Liu Yarong believes that at this stage, Weitao Biotech has established a complete "in - vivo cell engineering platform" rather than just the ability for a single product. "Currently, the competition threshold in the in - vivo CAR - T track is constantly increasing. The competition is no longer about a single product but the entire technical system and execution ability. Therefore, we believe that in the future, enterprises that can succeed in this field need to have several elements simultaneously: First is a solid underlying technology, including delivery, expression, and immune regulation; second is a complete clinical development ability; third is the ability to understand and layout different technical paths."
Currently, based on the LNP delivery route, Weitao Biotech's core pipeline GT801 has completed the preliminary pre - clinical and early - stage clinical data readout. It is reported that a core feature of GT801 is that it can be administered repeatedly and the dosage is controllable, which gives it a better chance to develop into a platform - type product across multiple indications.

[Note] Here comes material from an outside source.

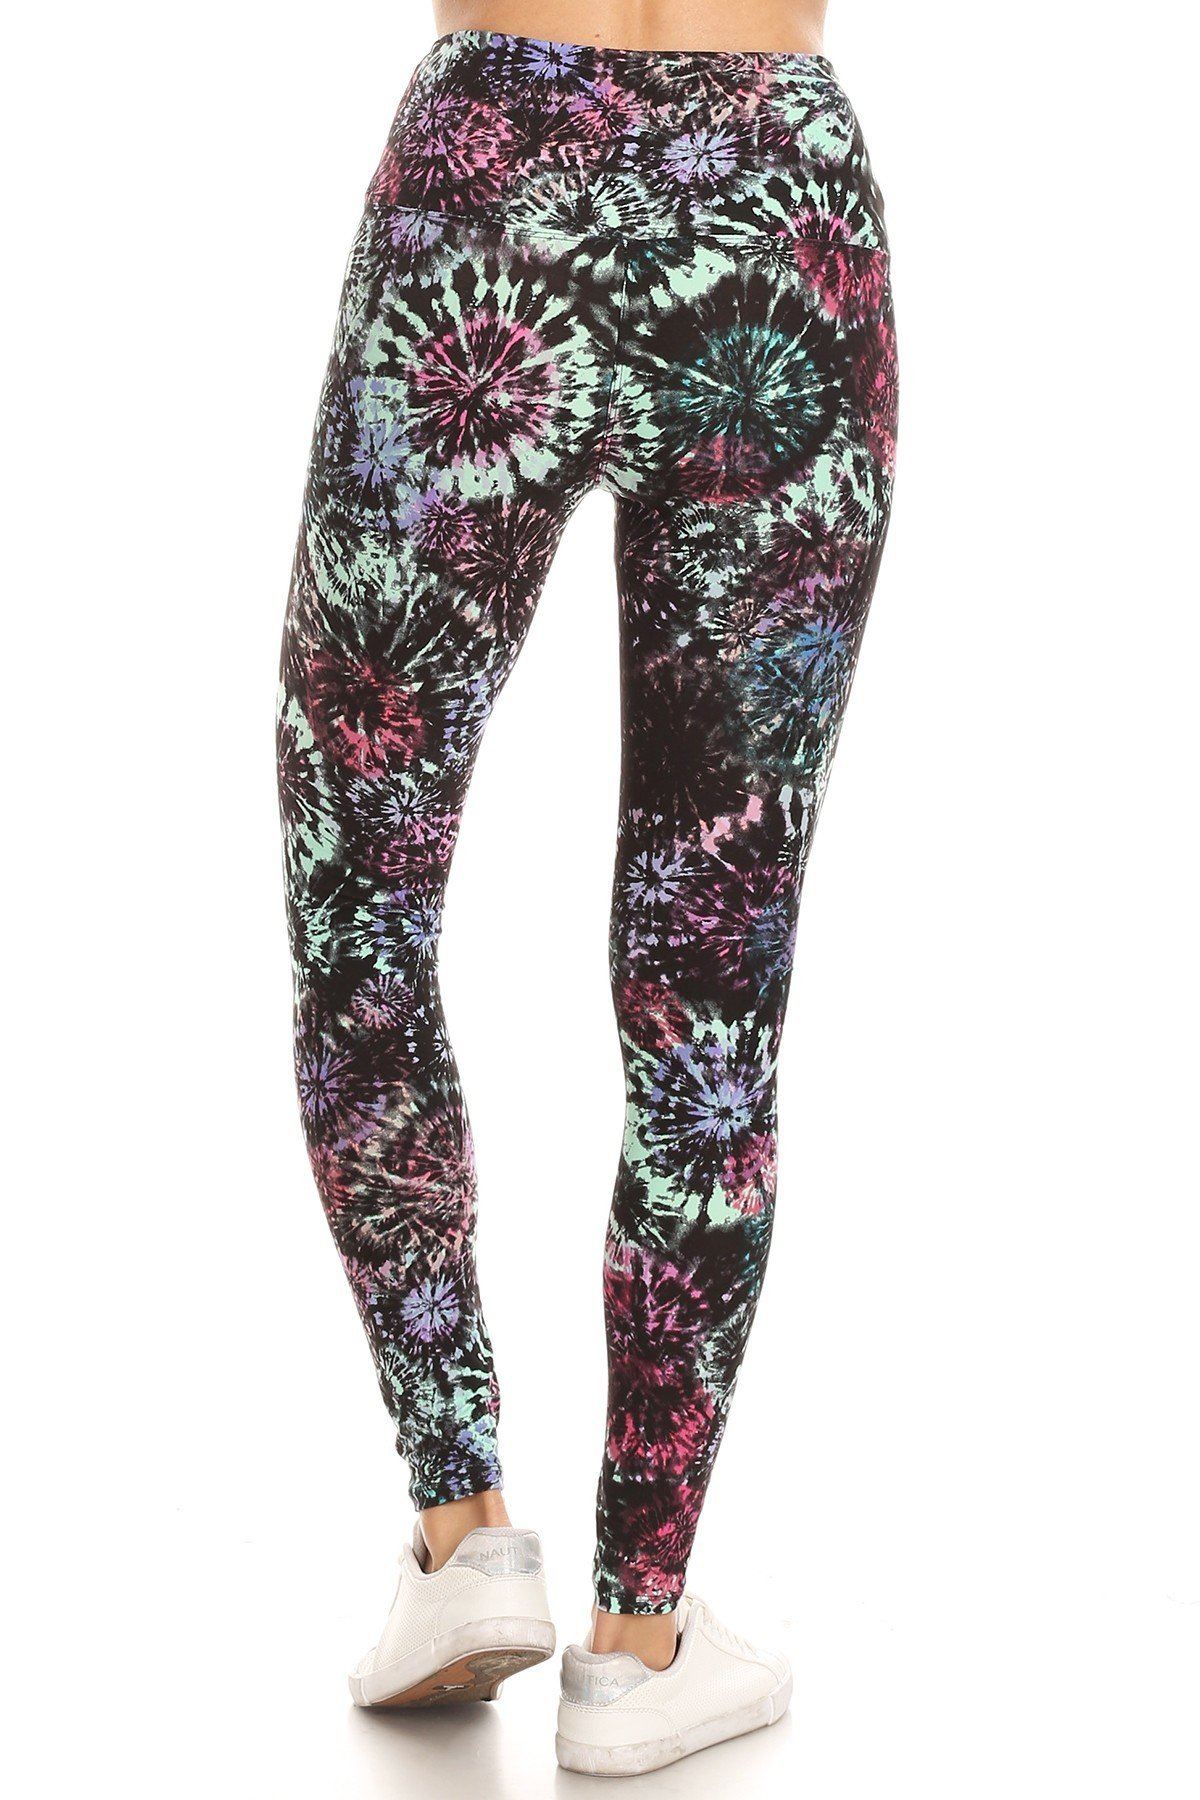 5-inch Long Yoga Style Banded Lined Tie Dye Printed Knit Legging With High Waist.
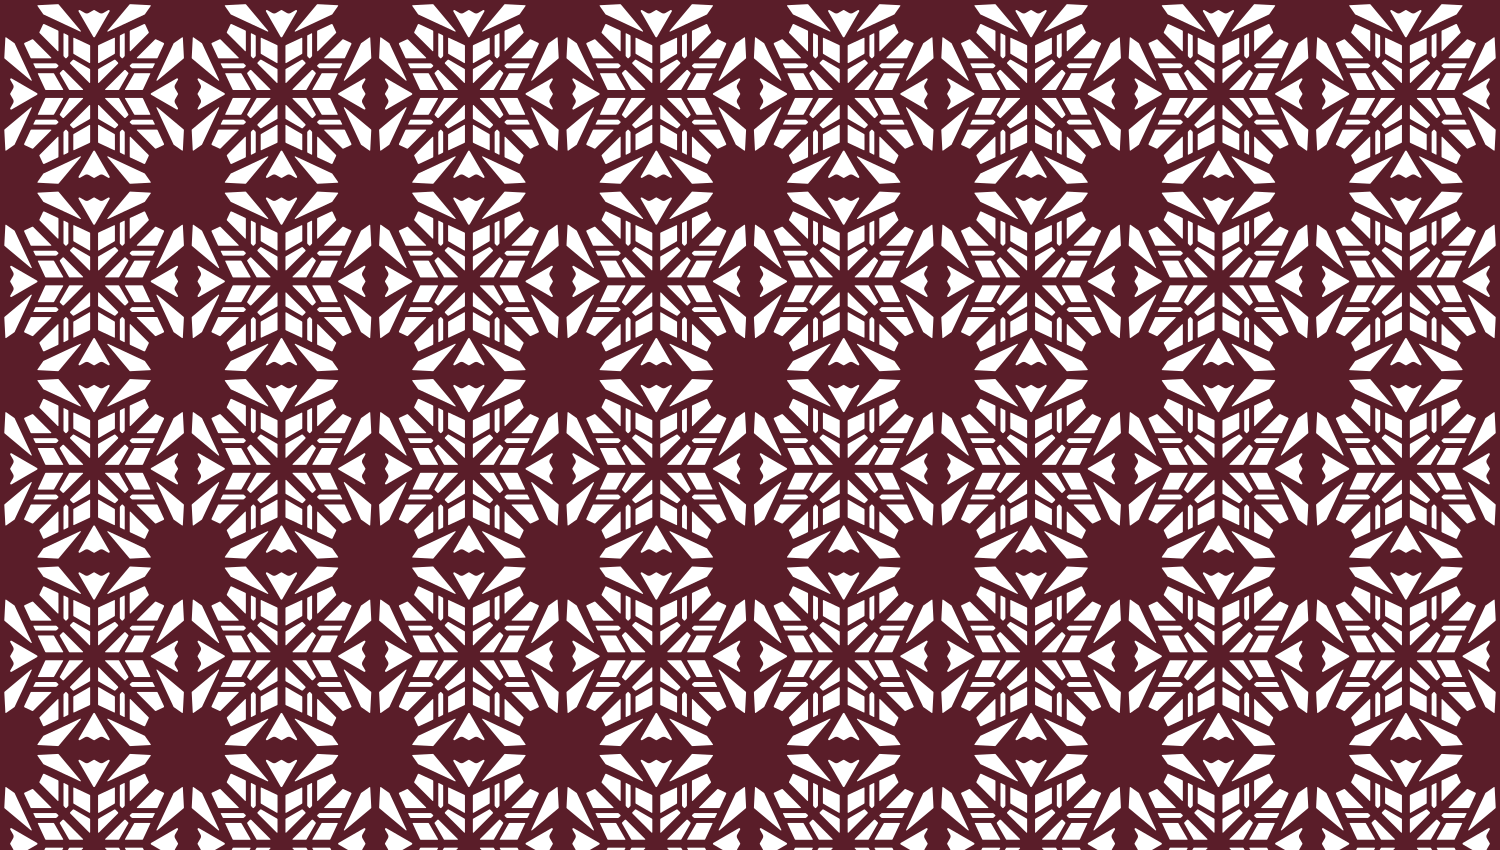 Parasoleil™ Tapestry© pattern displayed with a burgundy color overlay

At the American Association for Cancer Research (AACR) Annual Meeting in late April this year, the clinical data released by Weitao Biotech showed that in patients with B - cell hematological malignancies and autoimmune diseases, GT801 can induce high - level CAR expression and CAR+ T - cell expansion, and the feasibility of repeated administration was verified. The preliminary efficacy showed that significant B - cell clearance was observed in the peripheral blood, bone marrow, and lymph nodes of hematological malignancy patients; patients with autoimmune diseases also showed deep B - cell clearance and improvement in the disease activity index.
In addition, when talking about the changes in the financing environment of the in - vivo CAR - T track in the past year, Liu Yarong said that at this stage, investment institutions are paying more attention to "specific data and capabilities". "One is whether in - vivo delivery and expression can be truly verified, and the other is whether there is platform expansion ability. An important reason why Weitao Biotech was able to complete the financing smoothly is that it is not just a product line but an in - vivo engineering platform that can be continuously expanded, which has been recognized by investors."